Implement KV-Cache for Autoregressive Generation

Implement key-value caching for efficient autoregressive text generation. Without KV-cache, every new token requires recomputing attention over the entire sequence. With it, you only compute attention for the new token.

Problem Statement

Implement a CachedAttention module and a generate function that:

On the first forward pass, compute K and V for all tokens and cache them
On subsequent passes, only compute Q, K, V for the new token, append K and V to the cache, and compute attention between the new Q and all cached K, V
The generate function produces tokens autoregressively using the cache

Inputs: Initial prompt token IDs, a model with cached attention layers, number of tokens to generate.

Outputs: Generated token sequence.

Key Concept

In autoregressive generation, token t attends to tokens 0..t. Without caching, generating token t recomputes all K, V vectors for tokens 0..t-1 (redundant work). KV-cache stores these vectors, reducing per-step complexity from O(t * d) to O(d) for the projection, though the attention computation itself is still O(t * d) per step.

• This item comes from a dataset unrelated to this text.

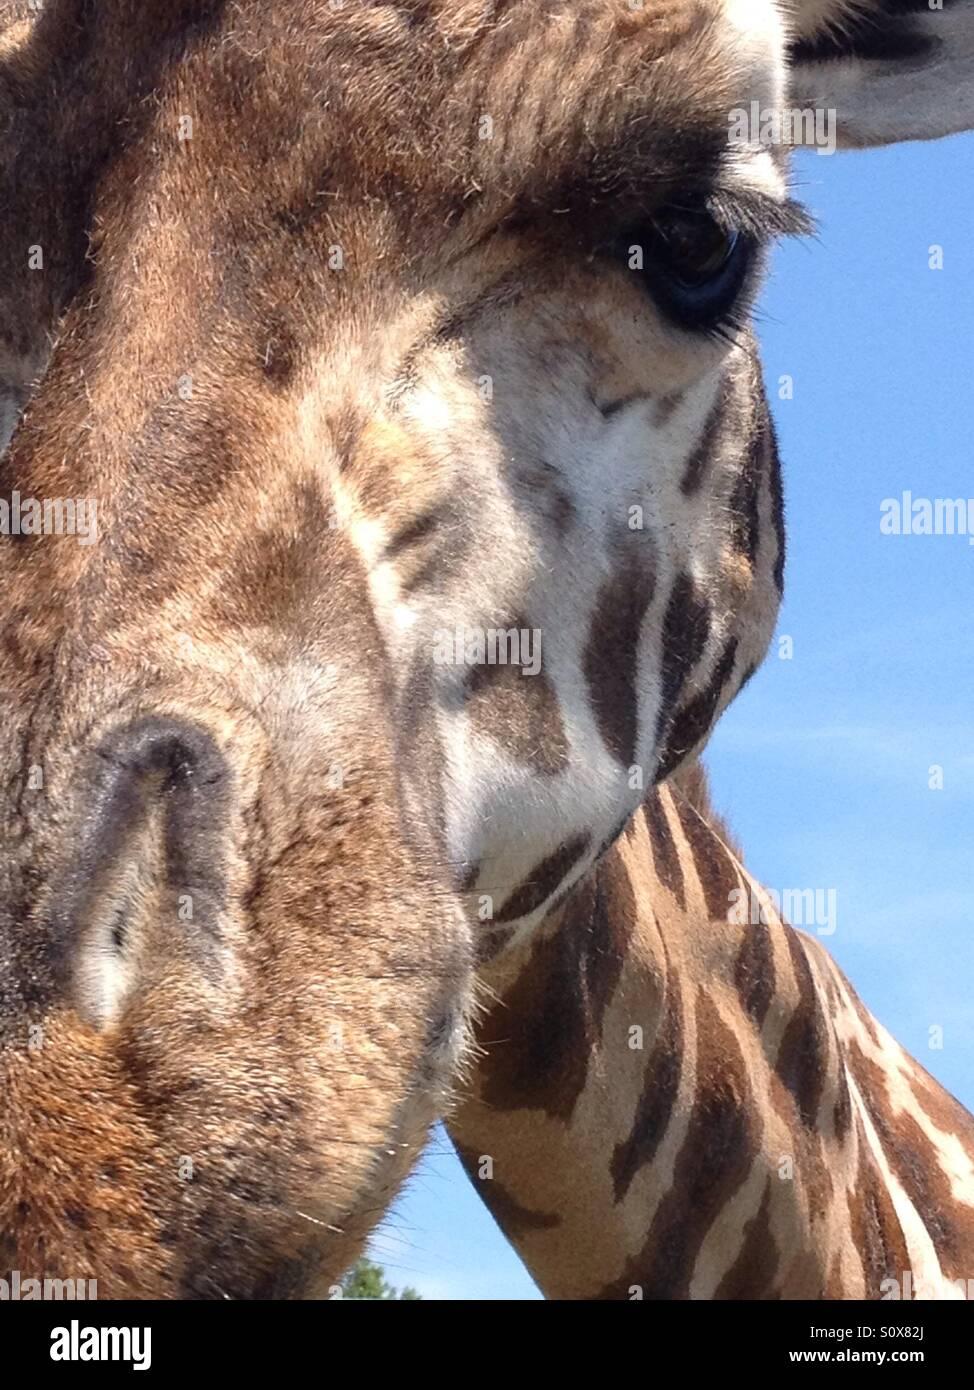 Cara de jirafa Imagen De Stock
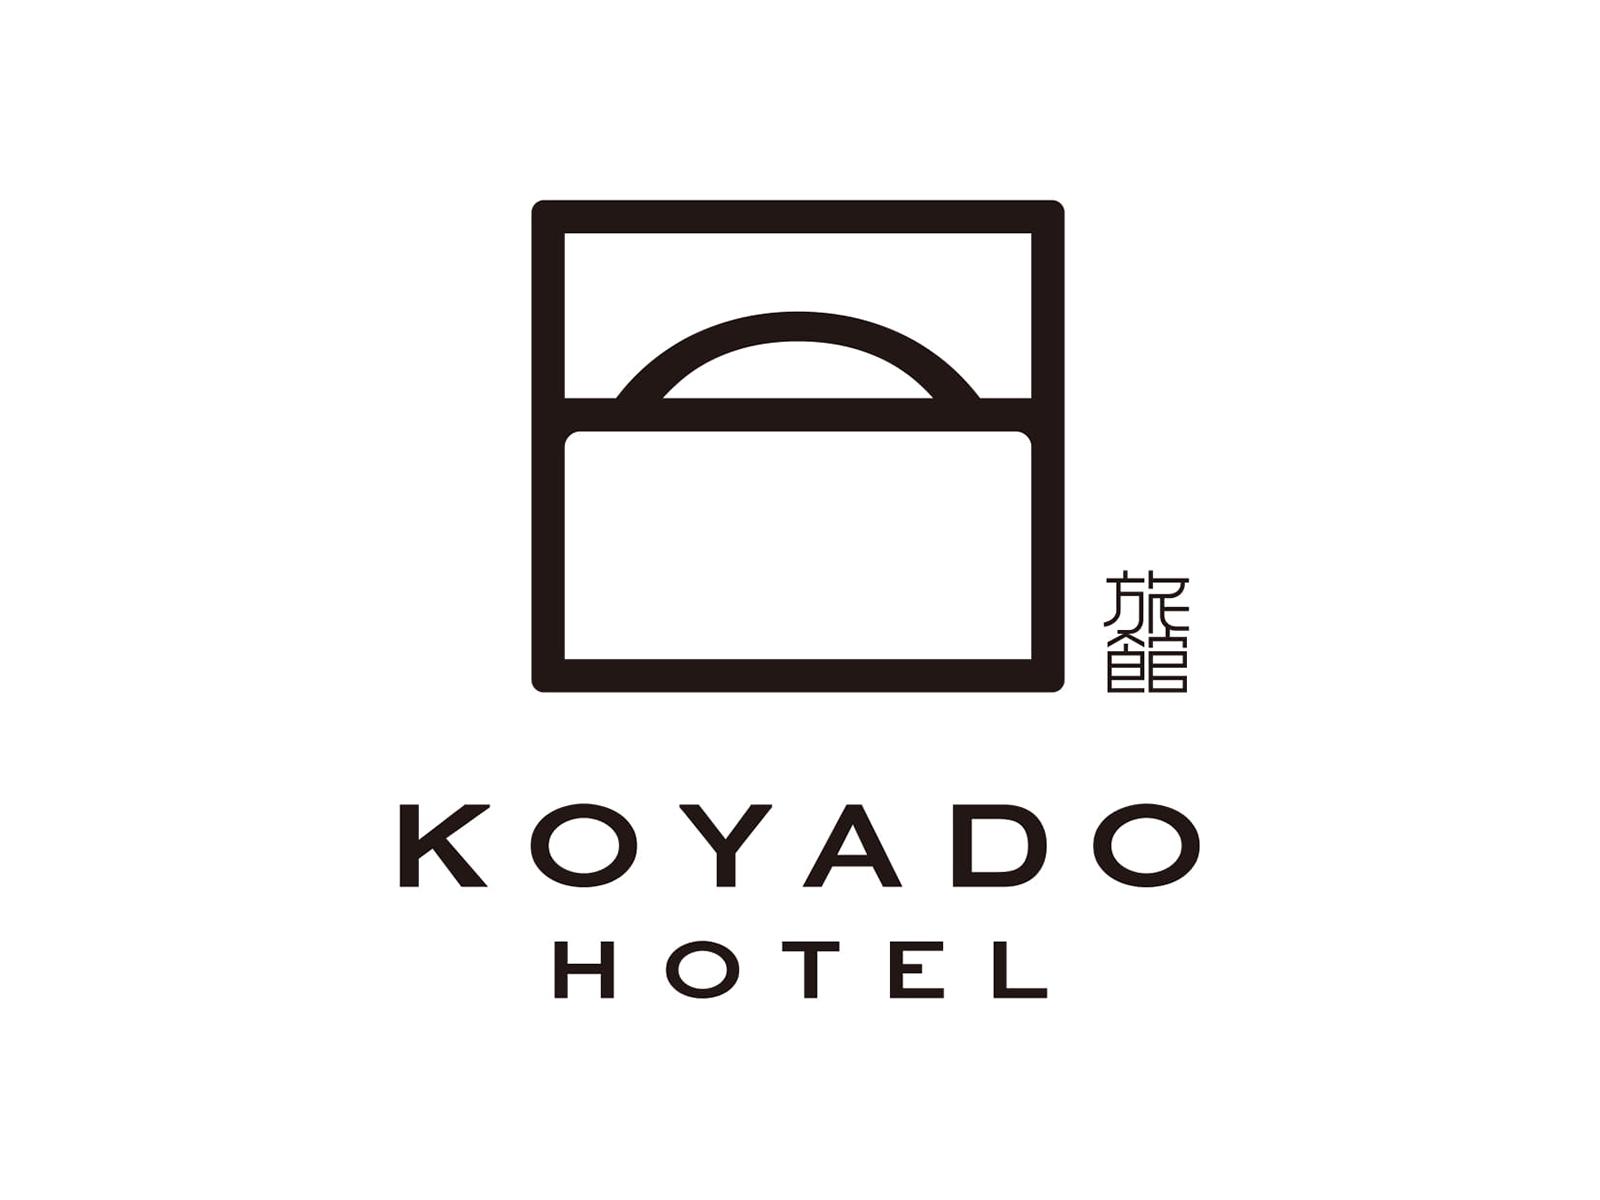 KOYADO HOTEL

Interactive · KV-Cache: Prefill vs. Decode Phases

┌───────────────────────────────────────────────────────────────┐
│              KV-Cache: Prefill vs. Decode                     │
│                                                               │
│  PREFILL PHASE (process prompt "The cat sat"):                │
│  ┌─────────────────────────────────────────┐                  │
│  │ tokens: [The] [cat] [sat]               │                  │
│  │    Q:    q₁    q₂    q₃    (all at once)│                  │
│  │    K:    k₁    k₂    k₃    ──▶ CACHE    │                  │
│  │    V:    v₁    v₂    v₃    ──▶ CACHE    │                  │
│  └─────────────────────────────────────────┘                  │
│                                                               │
│  DECODE STEP 1 (generate "on"):                               │
│  ┌─────────────────────────────────────────┐                  │
│  │ New token: [on]                         │                  │
│  │    Q:    q₄  (only 1 token!)            │                  │
│  │    K:    k₄  ──▶ append to cache        │                  │
│  │    V:    v₄  ──▶ append to cache        │                  │
│  │                                         │                  │
│  │ Cache now: K=[k₁,k₂,k₃,k₄]            │                  │
│  │            V=[v₁,v₂,v₃,v₄]            │                  │
│  │                                         │                  │
│  │ Attention: q₄ @ [k₁,k₂,k₃,k₄]^T      │                  │
│  └─────────────────────────────────────────┘                  │
│                                                               │
│  DECODE STEP 2 (generate "the"):                              │
│  ┌─────────────────────────────────────────┐                  │
│  │ New token: [the]                        │                  │
│  │    Q:    q₅  (only 1 token!)            │                  │
│  │    K:    k₅  ──▶ append to cache        │                  │
│  │    V:    v₅  ──▶ append to cache        │                  │
│  │                                         │                  │
│  │ Cache: K=[k₁,k₂,k₃,k₄,k₅]            │                  │
│  │        V=[v₁,v₂,v₃,v₄,v₅]            │                  │
│  └─────────────────────────────────────────┘                  │
│                                                               │
│  Without cache: step t recomputes ALL t projections  O(t*d)   │
│  With cache:    step t computes only 1 projection    O(d)     │
└───────────────────────────────────────────────────────────────┘

Interview Tip

When discussing KV-cache in interviews, be prepared to compute the memory footprint. For LLaMA-2 70B: 80 layers, 64 heads per layer (8 KV heads with GQA), d_k=128, and 4K context. KV-cache size = 2 (K and V) * 80 (layers) * 8 (KV heads) * 128 (d_k) * 4096 (seq) * 2 bytes (fp16) = ~1.3 GB per sequence. This is why batch serving is memory-bound, and techniques like paged attention (vLLM) are critical.

Hints

Info

Add a cache attribute to store past K and V tensors: a tuple (cached_K, cached_V).
During prefill (first pass): compute Q, K, V for all positions, store K and V in cache.
During generation (subsequent passes): compute Q, K, V for only the new token, concatenate K and V with the cache, then compute attention.
The attention mask is not needed during cached generation because we naturally only see past tokens.
Reset the cache between sequences.

Solution

import torch
import torch.nn as nn
import torch.nn.functional as F
import math
from typing import Optional, Tuple, List


class CachedMultiHeadAttention(nn.Module):
    """Multi-head attention with KV-cache support."""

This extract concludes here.